I was walking down a slope and thinking to myself: How
do the narrators disagree over what light said about a stone?
Is it from a dimly lit stone that wars flare up?
I walk in my sleep. I stare in my sleep. I see
no one behind me. I see no one ahead of me.
All this light is for me. I walk. I become lighter. I fly
then I become another. Transfigured. Words
sprout like grass from Isaiah’s messenger
mouth: “If you don’t believe you won’t be safe.”
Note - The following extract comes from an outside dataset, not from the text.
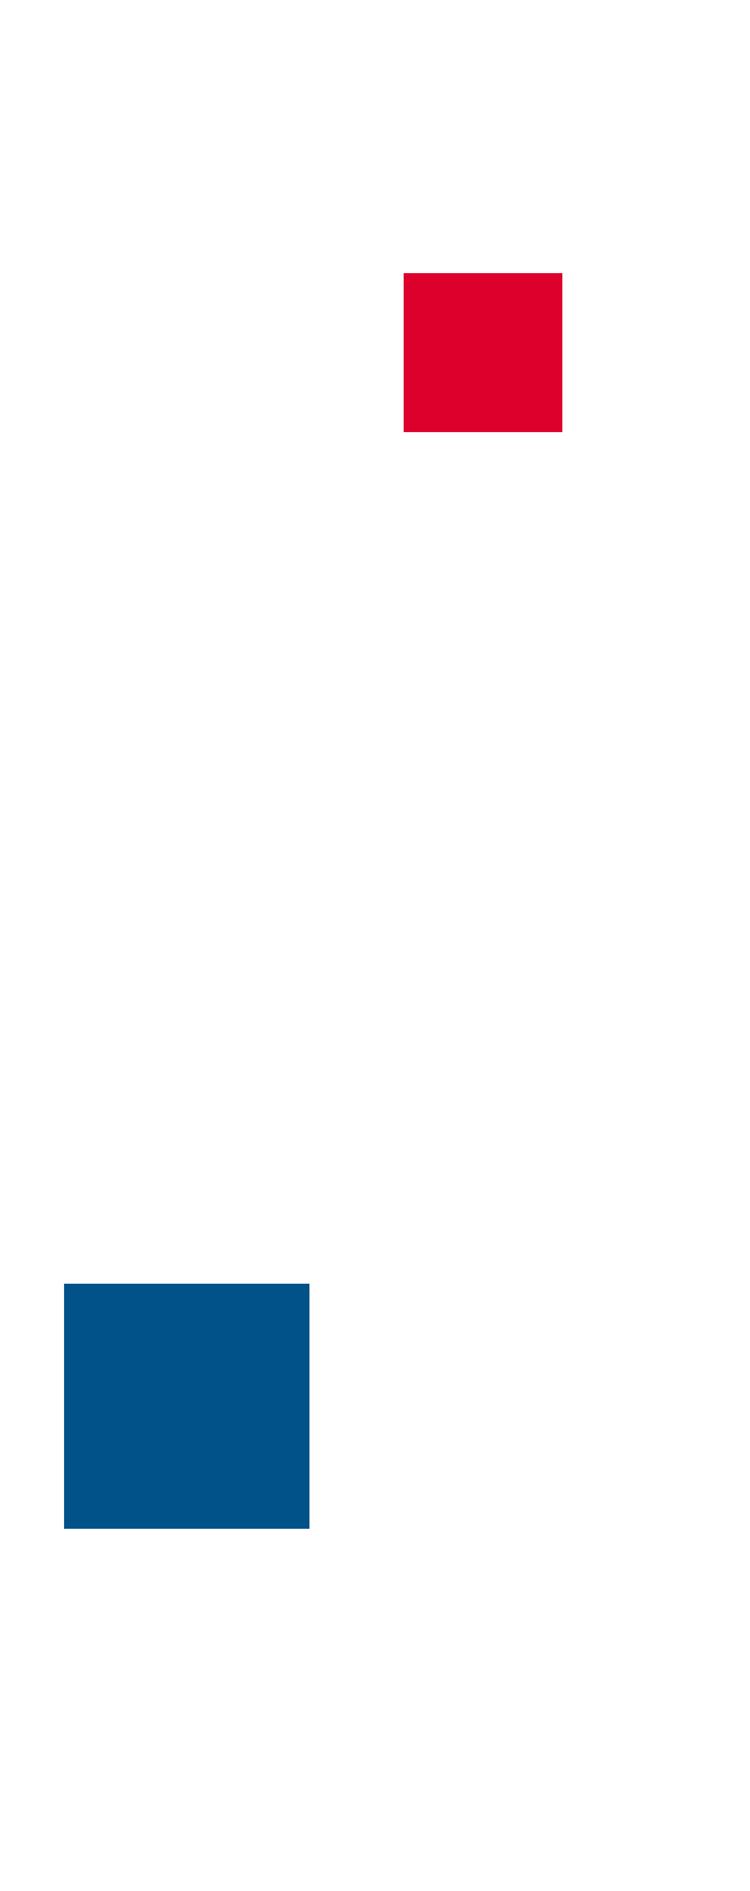 circles-background-tablet-transparant-robert-administratie-financiele-dienstverlening-2

I walk as if I were another. And my wound a white
biblical rose. And my hands like two doves
on the cross hovering and carrying the earth.
I don’t walk, I fly, I become another,
transfigured. No place and no time. So who am I?
I am no I in ascension’s presence. But I
think to myself: Alone, the prophet Muhammad
spoke classical Arabic. “And then what?”
Then what? A woman soldier shouted:
Is that you again? Didn’t I kill you?
I said: You killed me ... and I forgot, like you, to die.